# Help with the following inequality

1. Aug 14, 2008

### evagelos

.........................[(x+y)(y+z)(z+x) +xy+xz+yz]/xyz >=
.........................(3xy+3xz+3yz+x^2+y^2+z^2)/[(x+y)(y+z)(z+x)]

2. Aug 14, 2008

### snipez90

Re: inequalities

That doesn't look like a very appealing inequality. Is there a condition for this inequality? I guess you could try dumbassing it by assuming x >= y >= z since the inequality is symmetric in x,y,z and then cross multiplying but I haven't figured out a nice solution yet.

3. Aug 14, 2008

### evagelos

Re: inequalities

thanks for the quick respond the only condition is that x>0,y>0,z>0

4. Aug 14, 2008

### morphism

Re: inequalities

What have you tried?

5. Aug 15, 2008

### cellotim

Re: inequalities

I would suggest, if x,y,z are positive, that you just get a common denominator and multiply the numerators out into expanded polynomials, then match up the terms.

6. Aug 15, 2008

### snipez90

Re: inequalities

Yeah just as I had guessed, the inequality is basically just multiplying out, moving everything to one side, and relying on the fact that the sum of positive real numbers is greater than 0.

That is really a nasty inequality. It's symmetric but that doesn't make anything better. It's not homogeneous, so we can't come up with any additional constraints.

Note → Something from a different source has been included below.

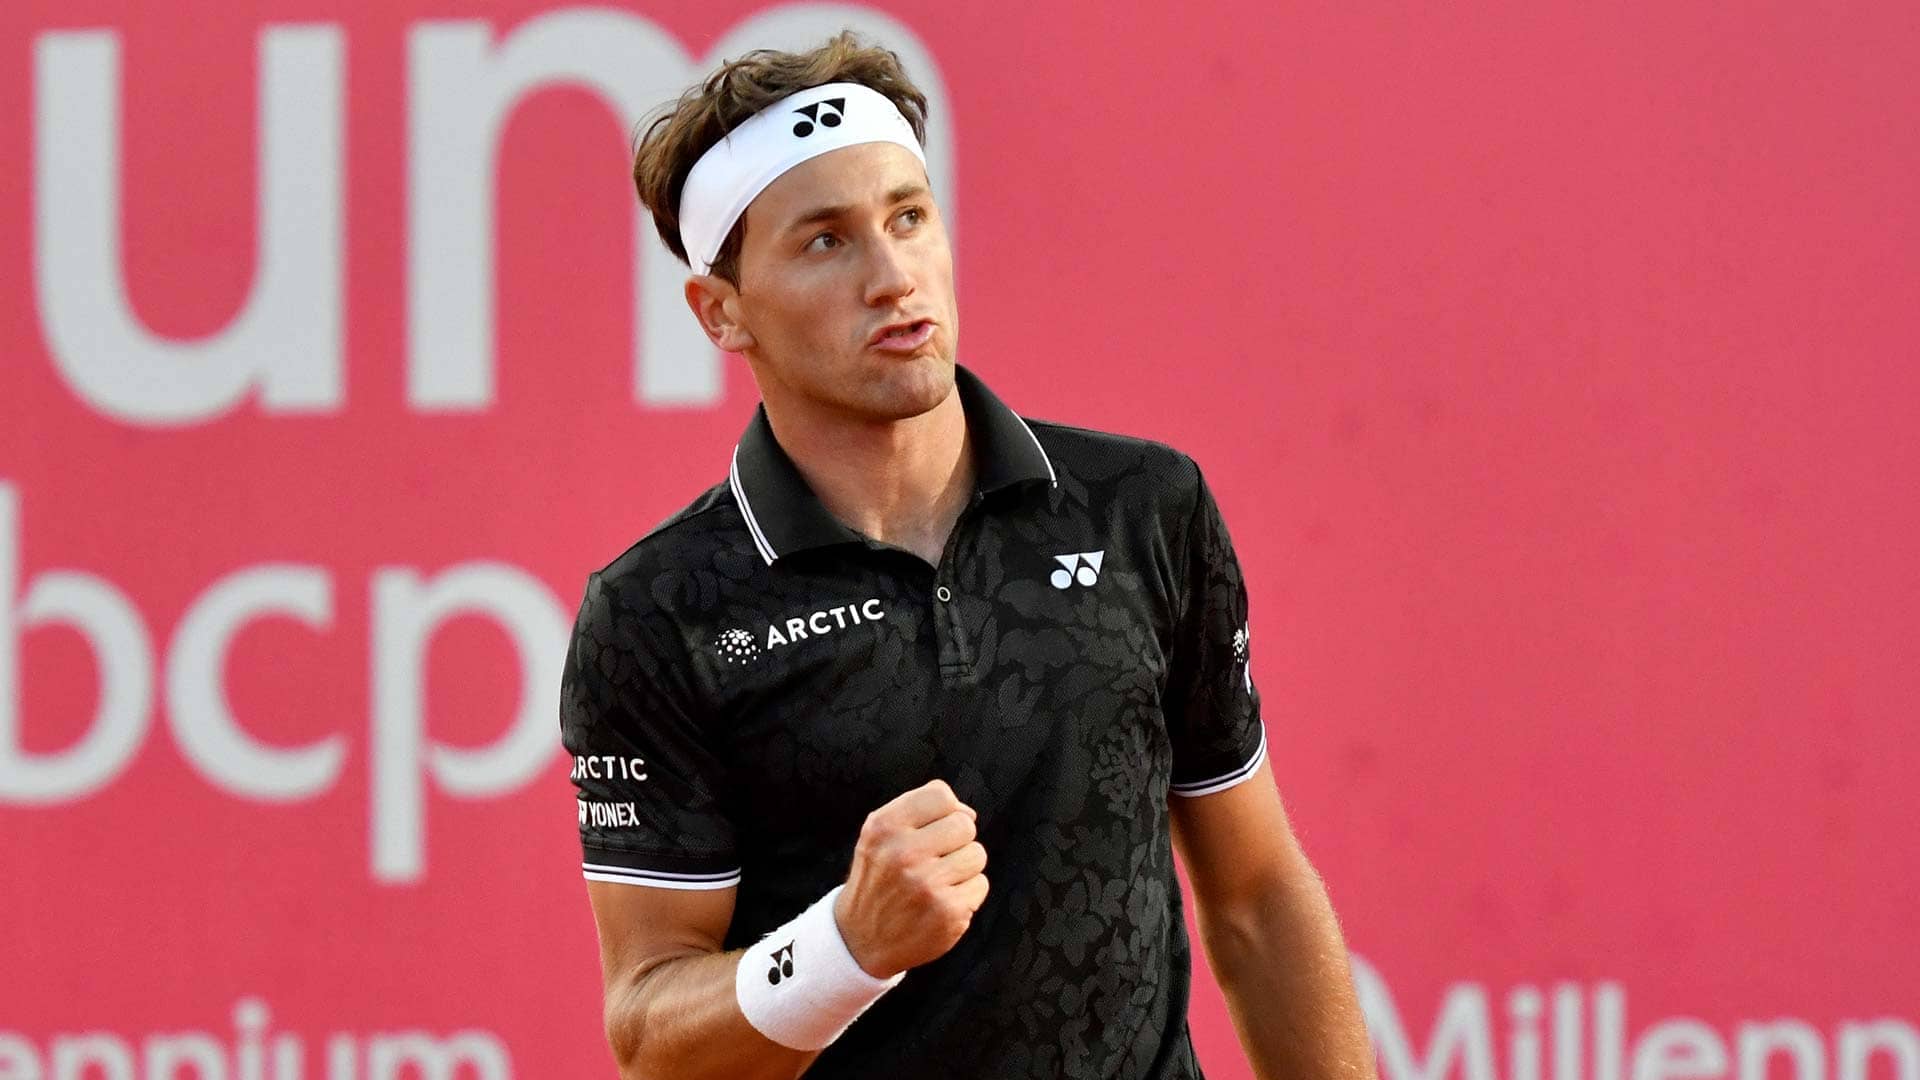 Casper Ruud earns his 100th tour-level win on clay on Wednesday in Estoril.

It doesn't rely on any clever manipulations or other well-known inequalities (unless you count a simple albeit important fact). It's somewhat instructive but taken in perspective it's no where near as instructive as the other inequality you posed.

7. Aug 15, 2008

### evagelos

Re: inequalities

so what do we do now?

8. Aug 15, 2008

### evagelos

Re: inequalities

Give me a solid proof please

9. Aug 16, 2008

### cellotim

Re: inequalities

The change of variables:

$$s = x + y + z, t = xyz, w = 1/x + 1/y + 1/z$$

might help. Note that $$(x + y)(y + z)(x + z) = swt - t$$ and $$xy + xz + yz = tw$$. The inequality becomes: $$sw + w - 1 \geq (s^2 + 2tw)/(stw - t)$$, if my calculations aren't off. Also note that $$sw \geq 1$$.

10. Aug 16, 2008

### evagelos

Re: inequalities

cellotim you mixed up worst now

11. Aug 17, 2008

### cellotim

Re: inequalities

Does this mean that I made a mistake or that I've confused you more?

If you want to know how I would solve this problem for a class, I would sit down at Maple or Mathematica, cross-multiply the denominators, and have the computer symbolically expand each side (in x,y,z), then I would make sure that all the coefficients on the LHS are bigger than all the coefficients on the RHS. It would be a huge mess, but it would get it done. I don't know if you have access to any maths software, but that is how I would do it. (Of course you can do it all or partially by hand if you need to show that work. It wouldn't take more than 30-1hr.)